Apropos of @MichaelPetch's question: how are you preparing the C executable, in what form or format is it stored in the disk image, and how are you loading it? Are you converting it to a raw binary image, or is it loading it from an executable in a standard
Executable Format such as
ELF or
PE?
I am not particularly familiar with the tutorial you mention,
but a quick review of the PDF tells me that it is converting the executable to raw binary, so am assuming that this is the procedure you are following.
I should point out that while this does look like a pretty solid tutorial, you should keep in mind that
no tutorial is flawless, and most tutorials have long-standing, known bugs which don't always get fixed. Also, while most of the things they apply remain stable for years, things do grow out of date with time. You need to apply any tutorial thoughtfully, and while you do seem to be doing so, it is always worth reminding people of this -
especially when the tutorial is, for the most part, a good one, as it is all too easy to get used to assuming that the tutorial will remain correct.
Trust me, I am speaking from personal experience on this, having made that mistake all too many times myself.
On a somewhat related note, have you prepared a separate
GCC Cross-Compiler and cross-development
OS-Specific Toolchain, separate from any tools targeting your development host (which you state is 32-bit Windows XP)? Again, not being familiar with the tutorial, I can't be sure, but it looks it isn't something it discusses. While it is possible to work without doing that - as the part that does seem to work shows - using a cross-compiler solves a lot of the problems with doing that, as does using a build tool such as
Make rather than running the compiler on the command line directly.

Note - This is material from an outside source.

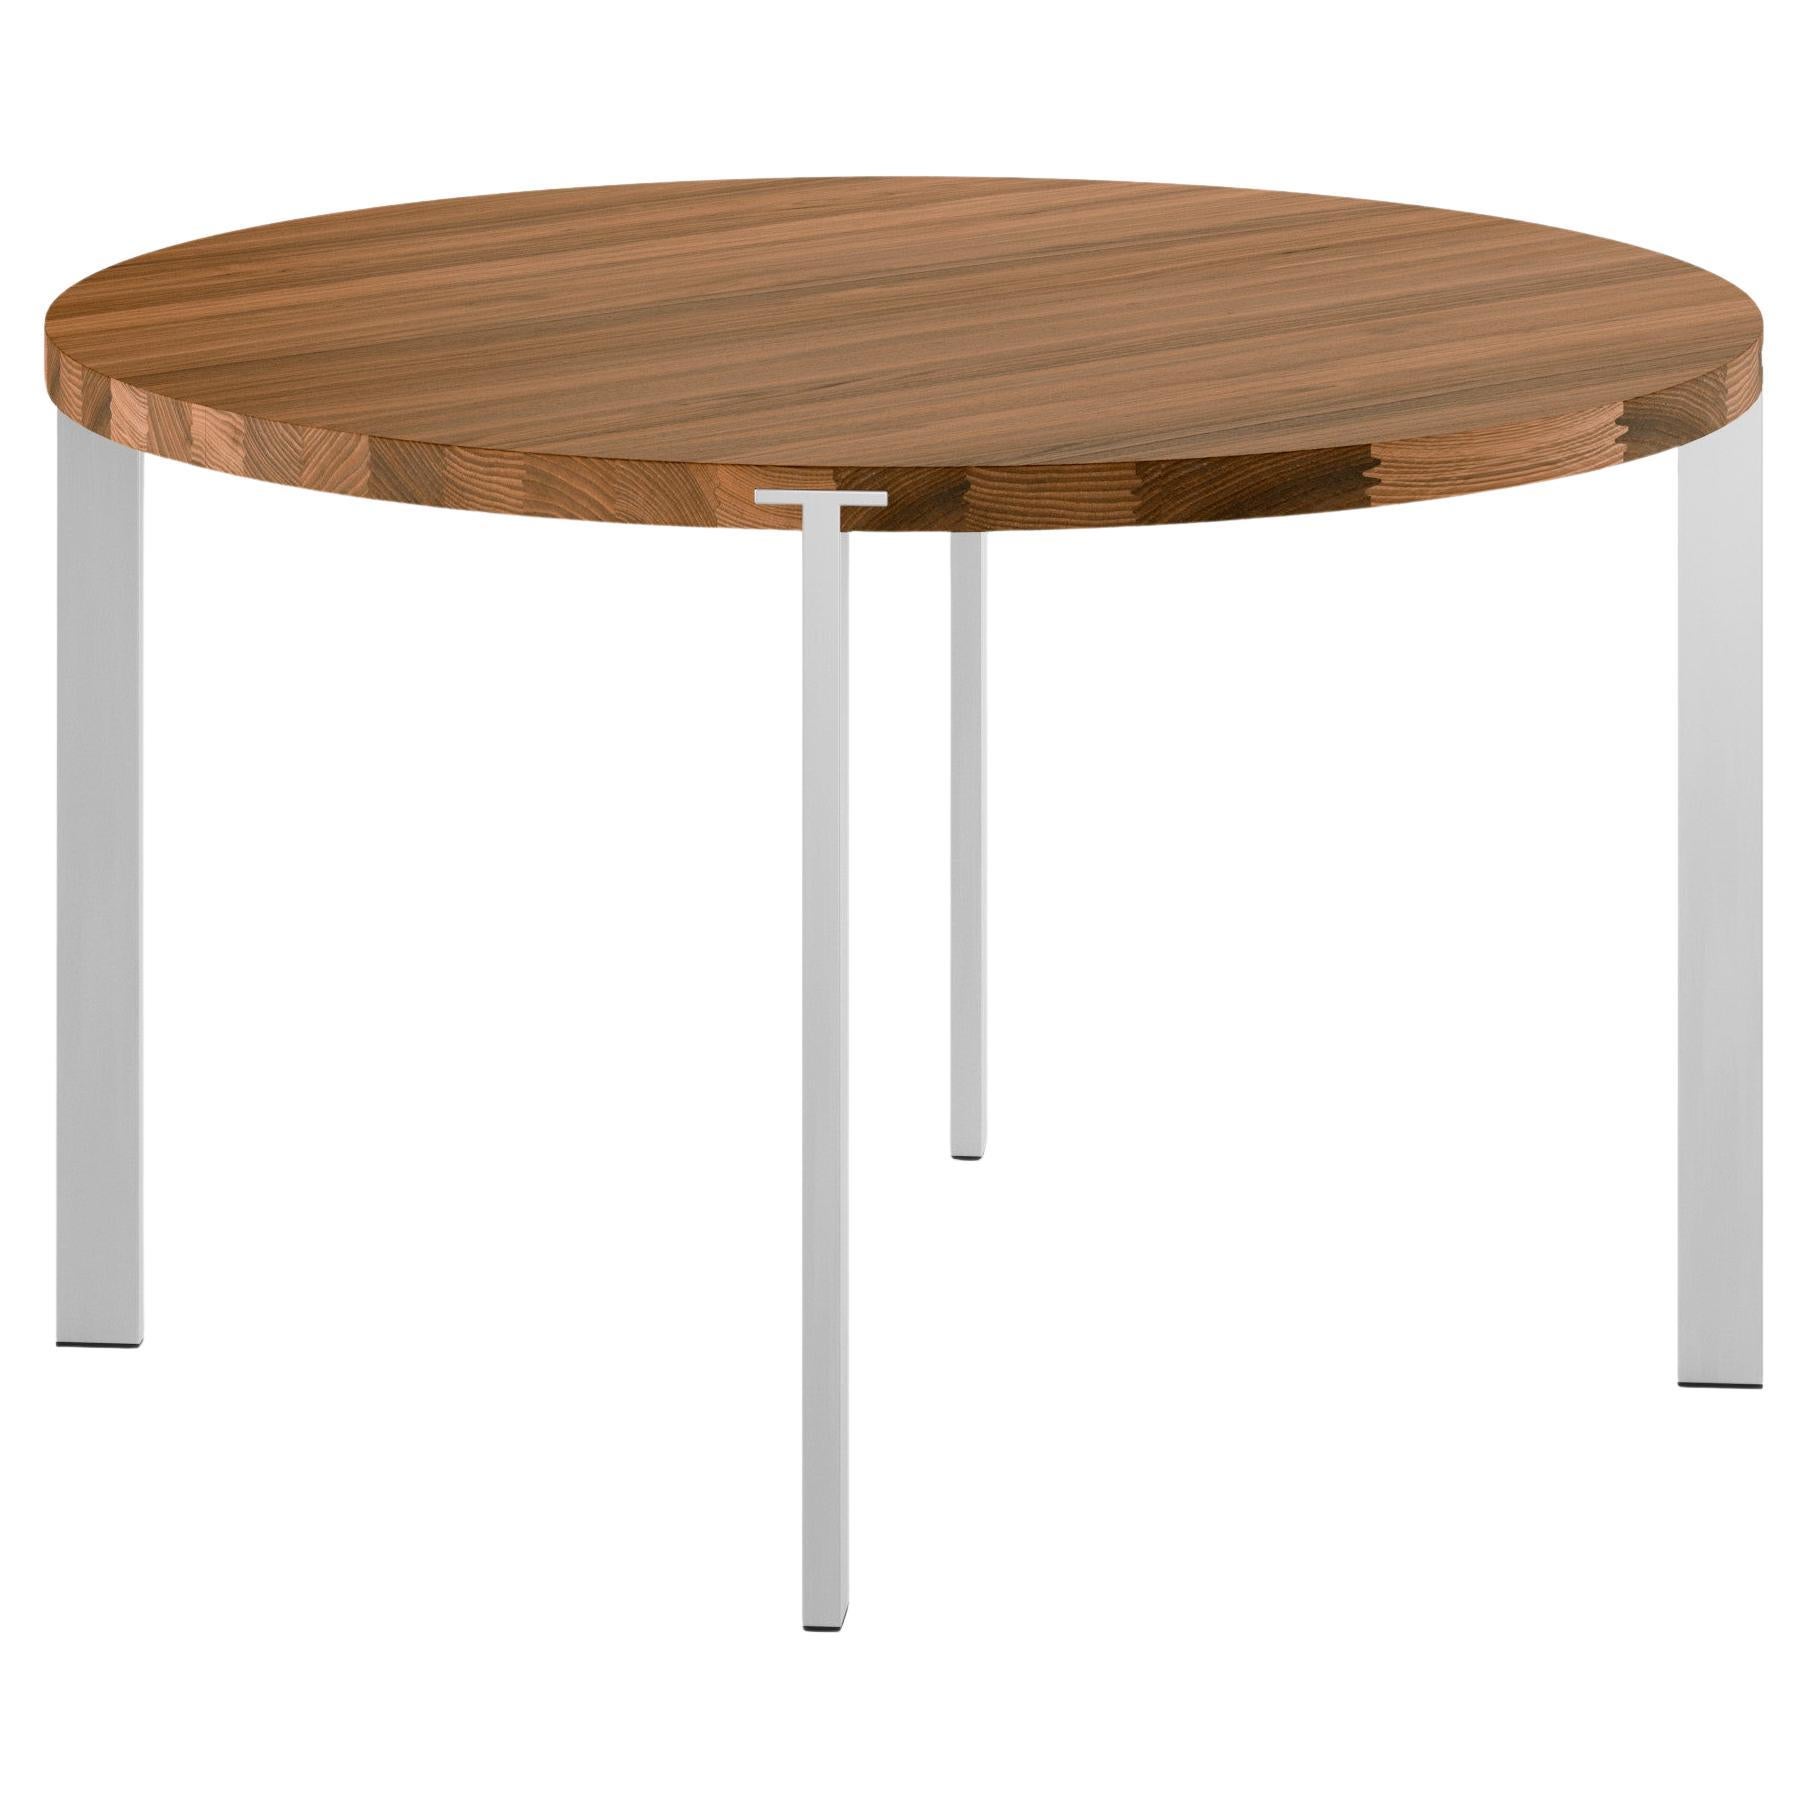 GM2100 Round Table, Walnut - Design by Nissen & Gehl MDD For Sale

You probably should keep following the process as given, to avoid confusion for now, but be aware that in later development you probably should set up a cross-compiler.
One other thing, though this is just a stylistic question: why are you using
while() loops for definite loops instead of
for()? For example, rather than:
Code: Select all
while(j < 80 * 25 * 2) {
vidmem[j] = ' ';
vidmem[j+1] = 0x07;
j = j + 2;
}
you could use
Code: Select all
const unsigned int rows = 25, columns = 80;
const unsigned int vidbuf_size = rows * columns * 2;
unsigned int j = 0;
for (j = 0; j < vidbuf_size; j += 2) {
vidmem[j] = ' ';
vidmem[j+1] = 0x07;
}
This makes it clearer that the intent is to walk through a fixed number of iterations - what is called a 'definite iteration' - which is the main purpose of
for(). The
while() loop, conversely, is usually used for
indefinite loops, where the number of passes is determined by something in the loop body rather than the loop conditionals.
I am not saying the code was wrong - it does clearly work - but it isn't really idiomatic in C to use
while() for that. I was just wondering if there was a specific reason why you were doing it that way.